Java Virtual Machine Memory Area breakdown (1)

I. Overview
For developers of C and C + + programs, in memory management, programmers have absolute access to memory, but also primarily to the correct use and cleanup of memory, which requires a high level of programmer.

For Java programmers, with the help of the automatic memory management mechanism of the virtual machine, it is no longer necessary to write the paired Delete/free code for each new operation, and it is not easy to have memory leaks and memory overflow problems, and it looks like the memory managed by the virtual machine is fine. However, it is precisely because Java programmers put the power of memory control to the Java Virtual machine, in the event of memory leaks and overflow problems, if you do not understand how the virtual machine uses memory, then the troubleshooting will be an extremely difficult task.

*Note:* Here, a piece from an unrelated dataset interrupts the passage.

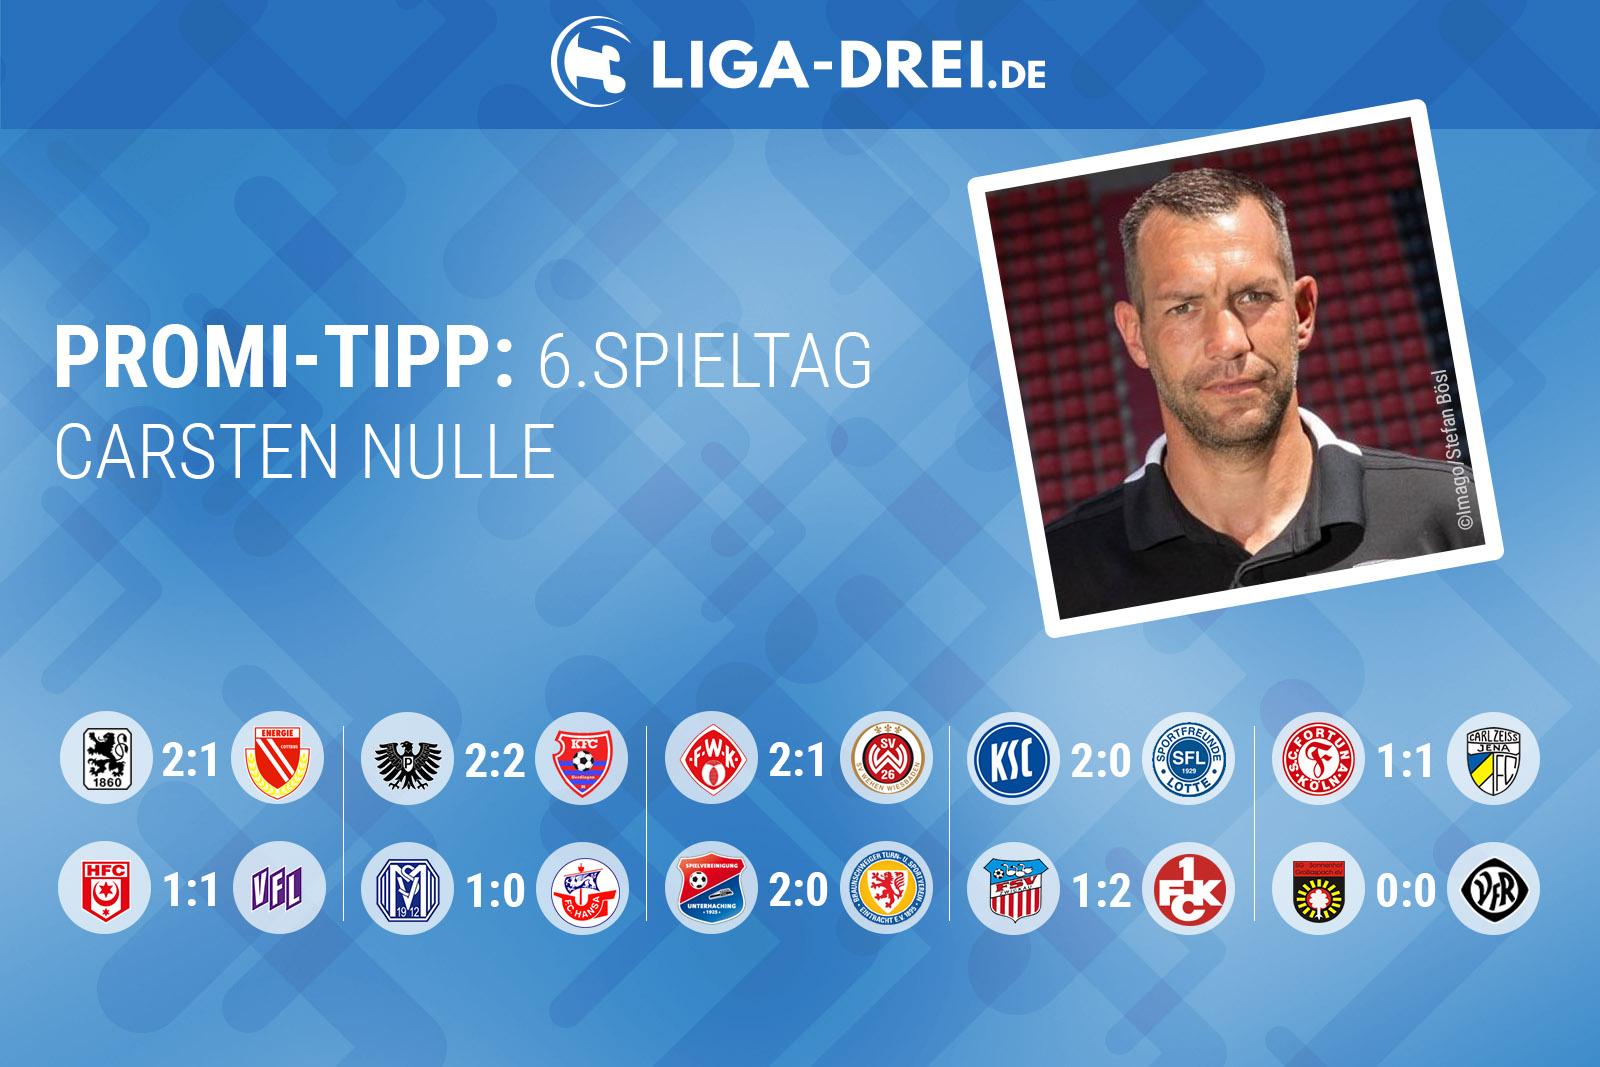 Carsten Nulle beim Promi-Tipp von Liga-Drei.de

Second, Java Runtime data regions
We generally consider the JVM to be a heap and stack component in development, but the actual Java virtual machine divides the memory it manages into several different data regions during the execution of the Java program. These zones have their own purpose, as well as the creation and destruction of time, and some regions exist as virtual machine processes start, and some are built and destroyed depending on the start and end of the user thread. Such as:

Below is a picture taken off the net, for reference only:

The following sections explain the features of each area in detail:
(1) Program counter

If you have learned the principle of computer composition should be very clear, the program counter is the same as the identity card, because the JVM also has its own CPU, in the execution of multi-thread programs, the time slice rotation, according to the program counter to schedule the execution of the thread.
Program Counter Register is a small memory space that acts as a line number indicator of the bytecode that is being executed by the current thread. In the virtual machine concept model (only the conceptual model, the various virtual machines may be implemented in some more efficient way), the bytecode interpreter works by changing the value of this counter to select the next need to execute the bytecode instruction, branch, loop, jump, exception handling, Basic functions such as thread recovery need to rely on this counter to complete.
Because the multithreading of a Java virtual machine is implemented in a way that threads rotate and allocate processor execution time, at any given moment, a processor (a kernel for a multicore processor) executes only the instructions in one thread. Therefore, in order to recover the thread after switching to the correct execution location, each thread needs to have a separate program counter, the counters between the threads do not affect each other, isolated storage, we call this type of memory area is "thread-private" memory.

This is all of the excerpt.